Nikos Dabizas (, born 3 August 1973) is a Greek former professional footballer who played as a defender for Newcastle United, Leicester City, Olympiacos and AEL. He was also in Greece's 2004 European Football Championship winning squad.

Career

Pontioi Veria
Dabizas spent his days playing football and helping in his father's company. His first contact with football came when he was sixteen, although he never dreamt of becoming a professional footballer. However, fate had other plans for him. He played for a year as an amateur at the local team of Amydeo called Hermes, which was enough to give him the ticket to a team in the third division and a professional contract, as he joined Pontioi Veria, as an 18-year-old, where he remained for three consecutive seasons, playing one year on the third division and two in the second. His big career break came when he was 21. He got an offer from Olympiacos, one of the biggest teams in Greece.

Olympiacos
He moved to Piraeus and helped his new team win the Greek championship twice, something they hadn't done in ten years.
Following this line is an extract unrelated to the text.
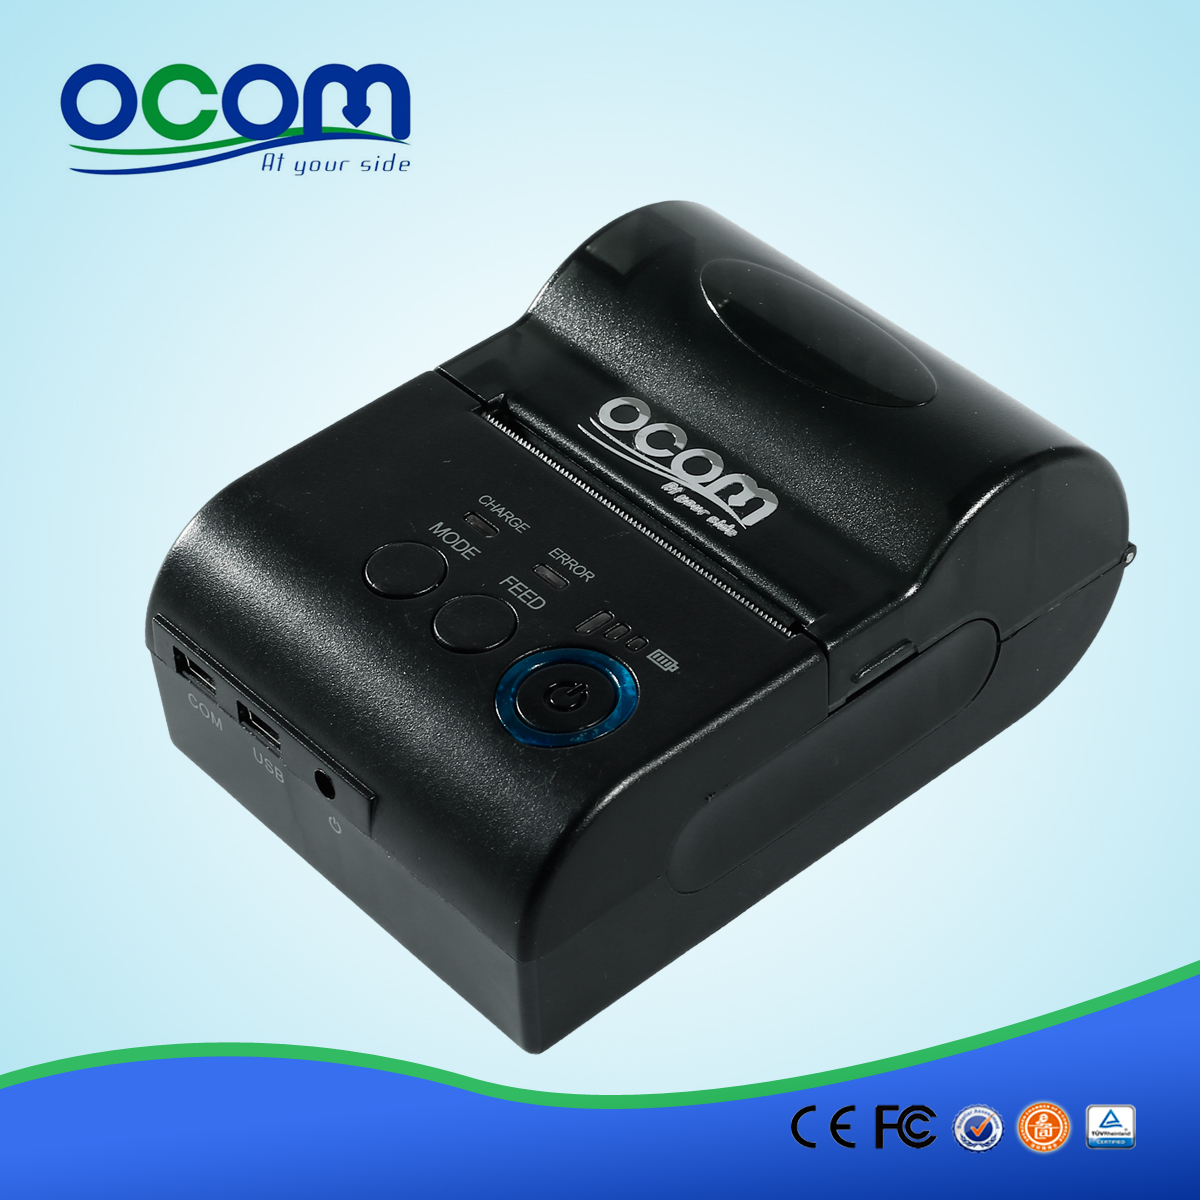 OCPP-M03 58毫米迷你便携式蓝牙热敏打印机

He also took part in his first UEFA Champions League games. After three-and-a-half seasons with Olympiacos he received an offer from Newcastle United, which opened him the doors to the English football fields, in the Premier League.

Newcastle United
In March 1998, Dabizas signed with Newcastle United for a fee of £2 million. His initial four-year contract, which was to expire in 2002, was renewed well ahead of time, and was to see Dabizas in the team, until June 2004. He famously scored Newcastle's winning goal in the 1–0 away victory in the Tyne–Wear derby against Sunderland at the Stadium of Light on 24 February 2002. Whilst at Newcastle United, he played in both the 1998 and 1999 FA Cup Finals.

Being left out of the first squad since the spring of 2003, Dabizas had no option, but to seek a transfer. A car accident prevented him from moving during the summer transfer window. Still, the decision to move was enforced, as he did not see any action when the new season started. He accepted an offer from Leicester City in January 2004.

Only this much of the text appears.